- [PROVIDED INFORMATION]
=======

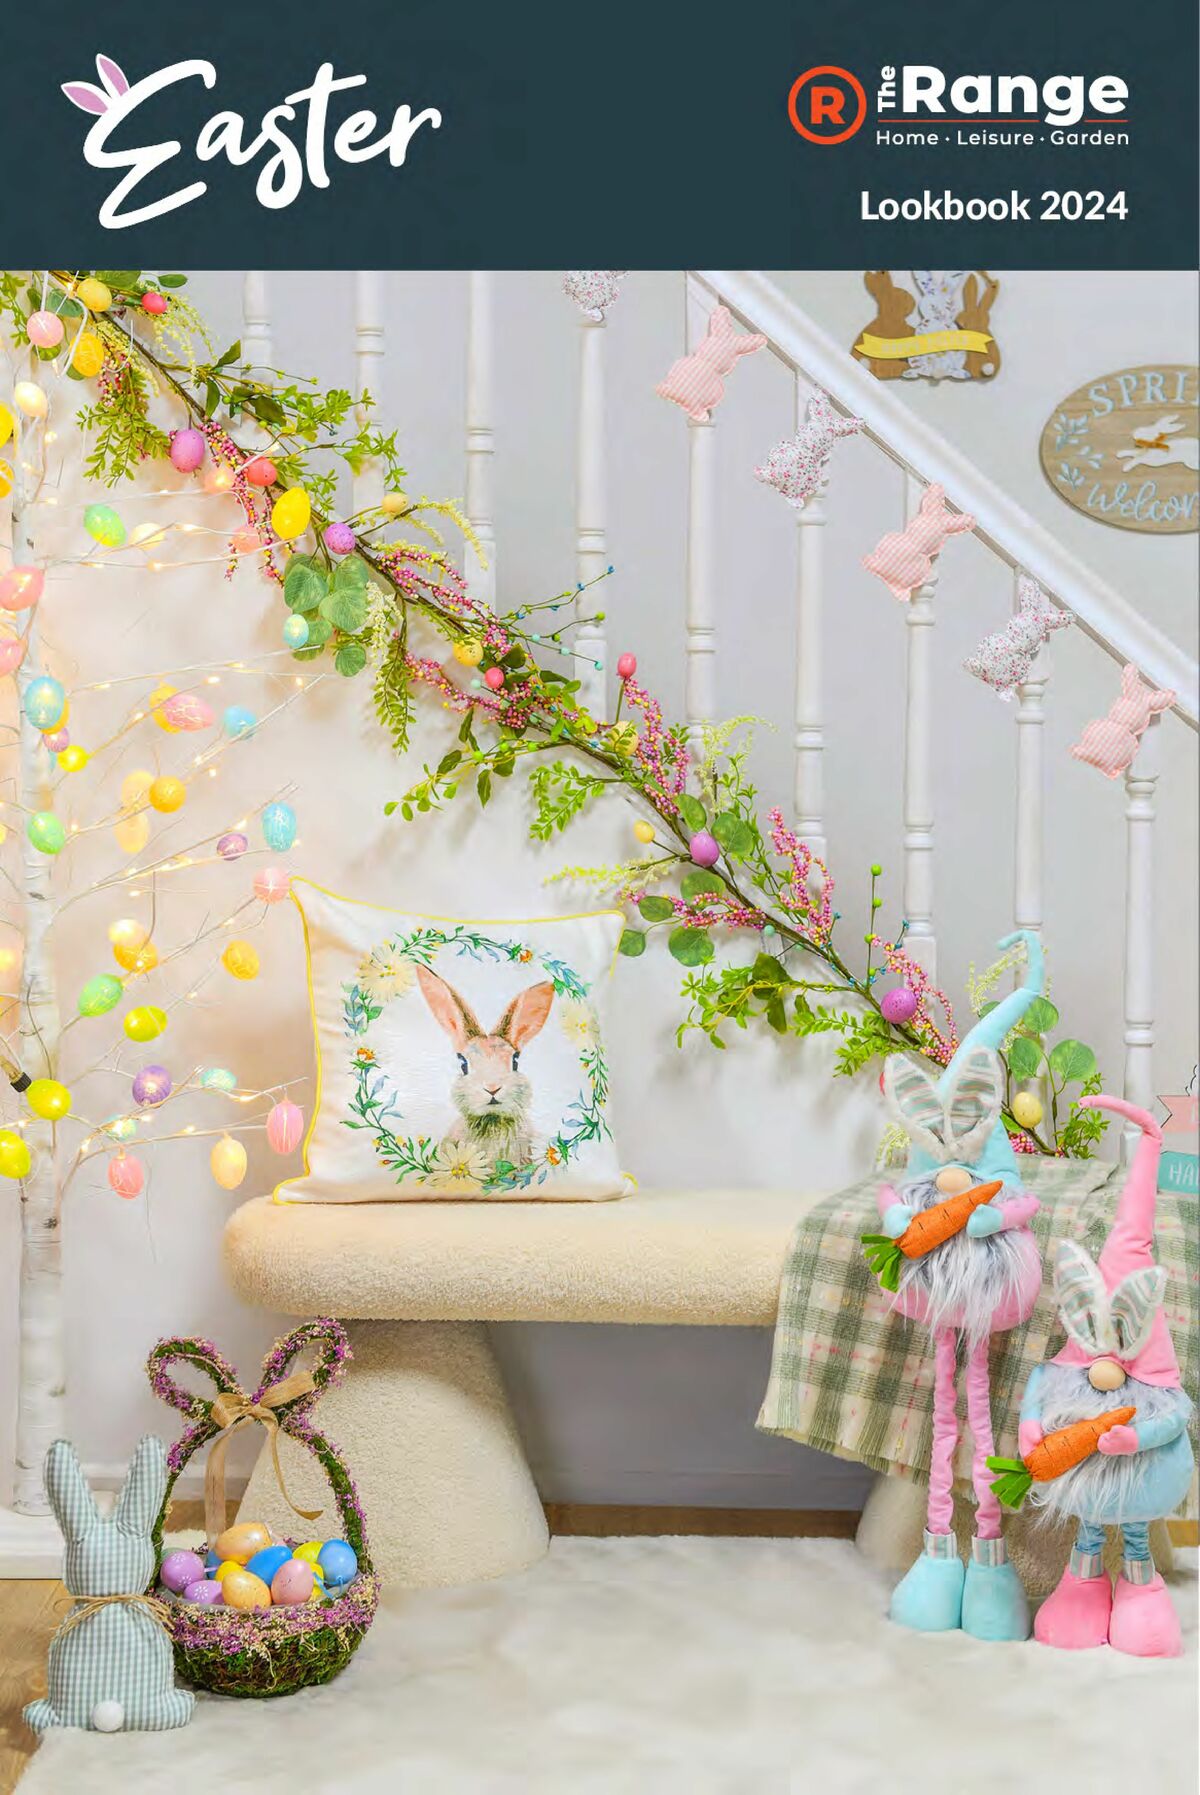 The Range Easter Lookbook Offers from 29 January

=======

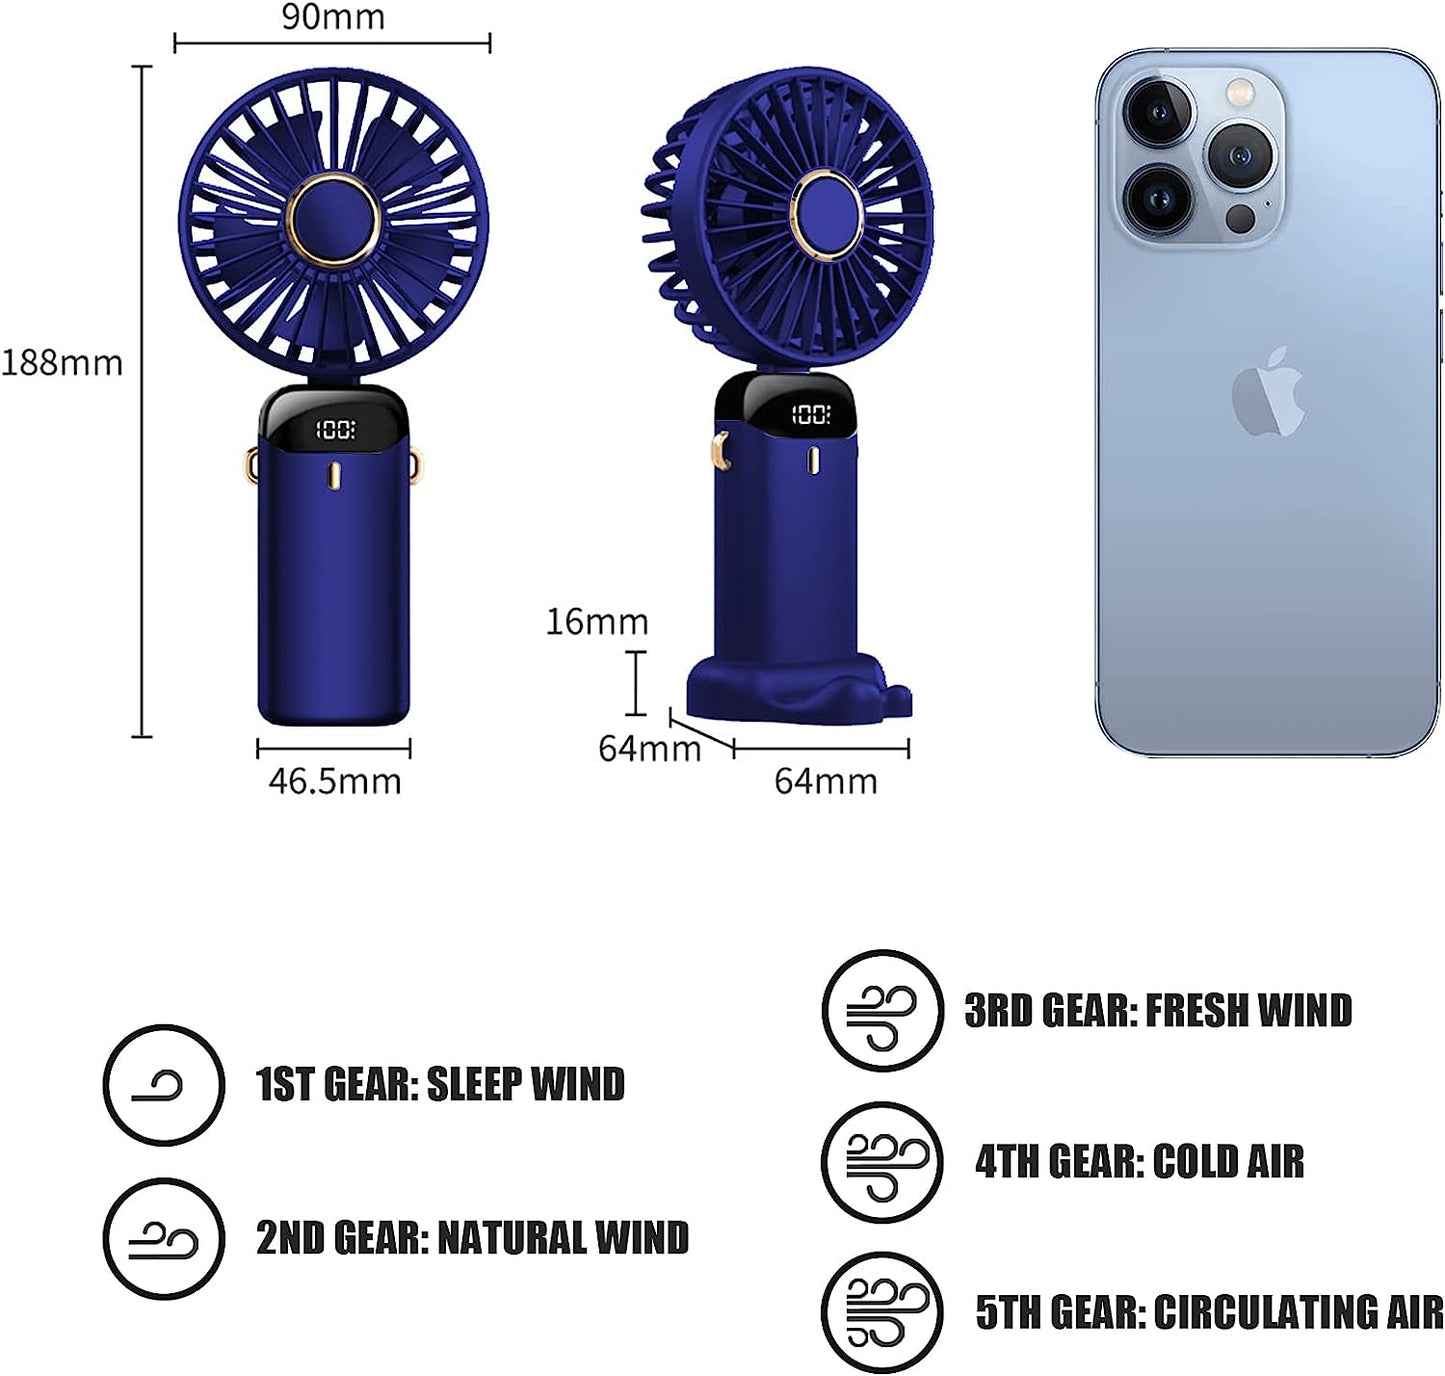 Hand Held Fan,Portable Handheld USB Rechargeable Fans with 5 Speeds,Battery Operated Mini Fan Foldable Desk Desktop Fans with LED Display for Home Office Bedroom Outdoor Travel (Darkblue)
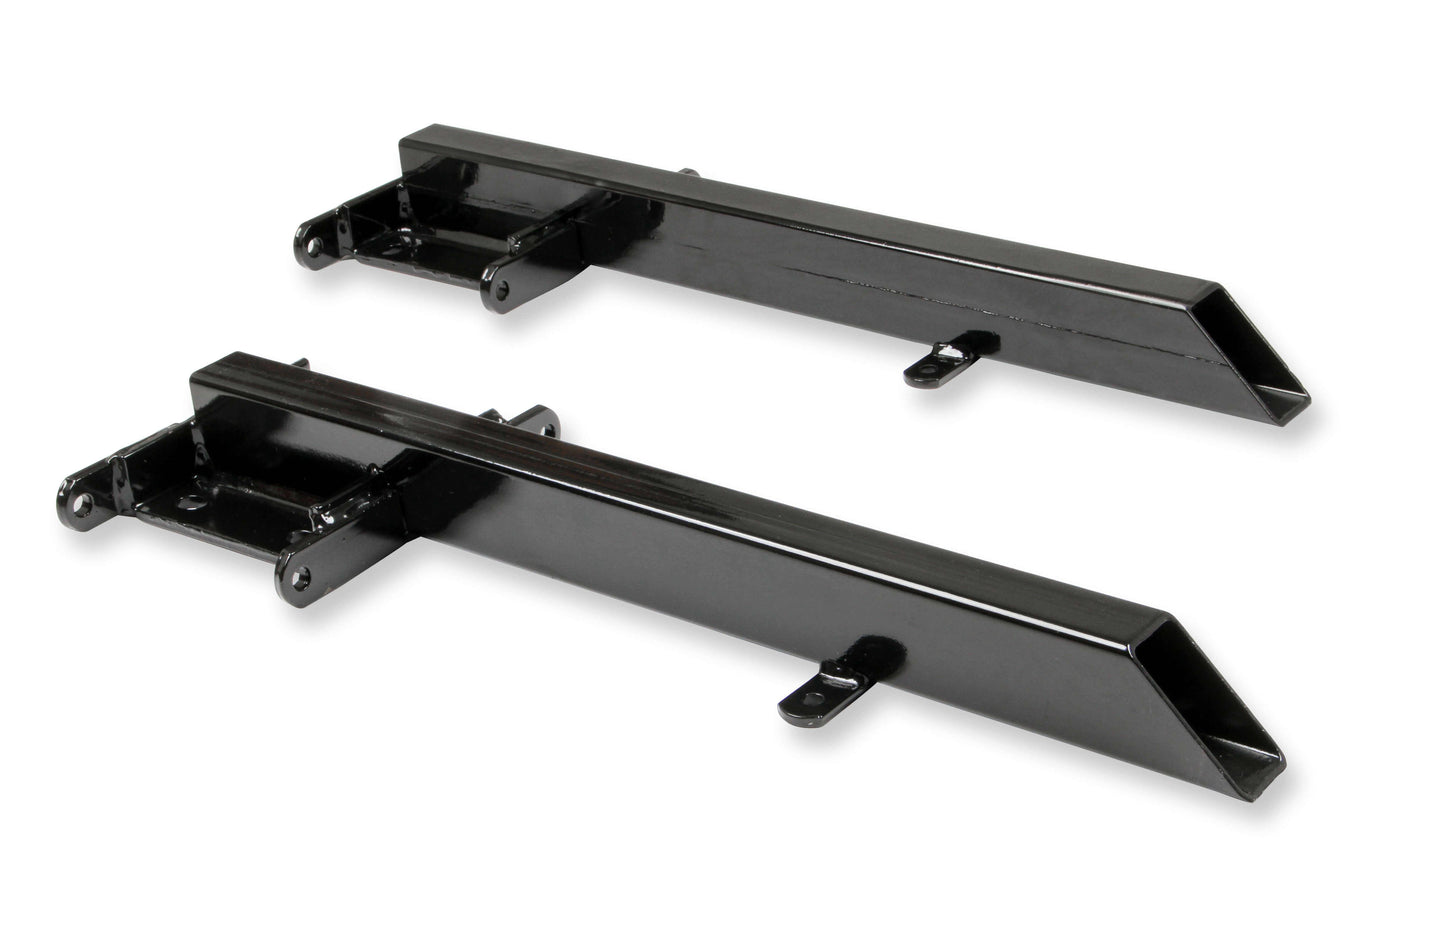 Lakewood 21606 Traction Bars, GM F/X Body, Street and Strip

=======

- [PROBLEM STATEMENT] Return, exactly as they stand, the lines above from the one with "Hand Held Fan,Portable" to the one with "Lakewood 21606 Traction", omitting any pictures among them.

- [OUTPUT FOR THIS TASK]
 Hand Held Fan,Portable Handheld USB Rechargeable Fans with 5 Speeds,Battery Operated Mini Fan Foldable Desk Desktop Fans with LED Display for Home Office Bedroom Outdoor Travel (Darkblue)
 Lakewood 21606 Traction Bars, GM F/X Body, Street and Strip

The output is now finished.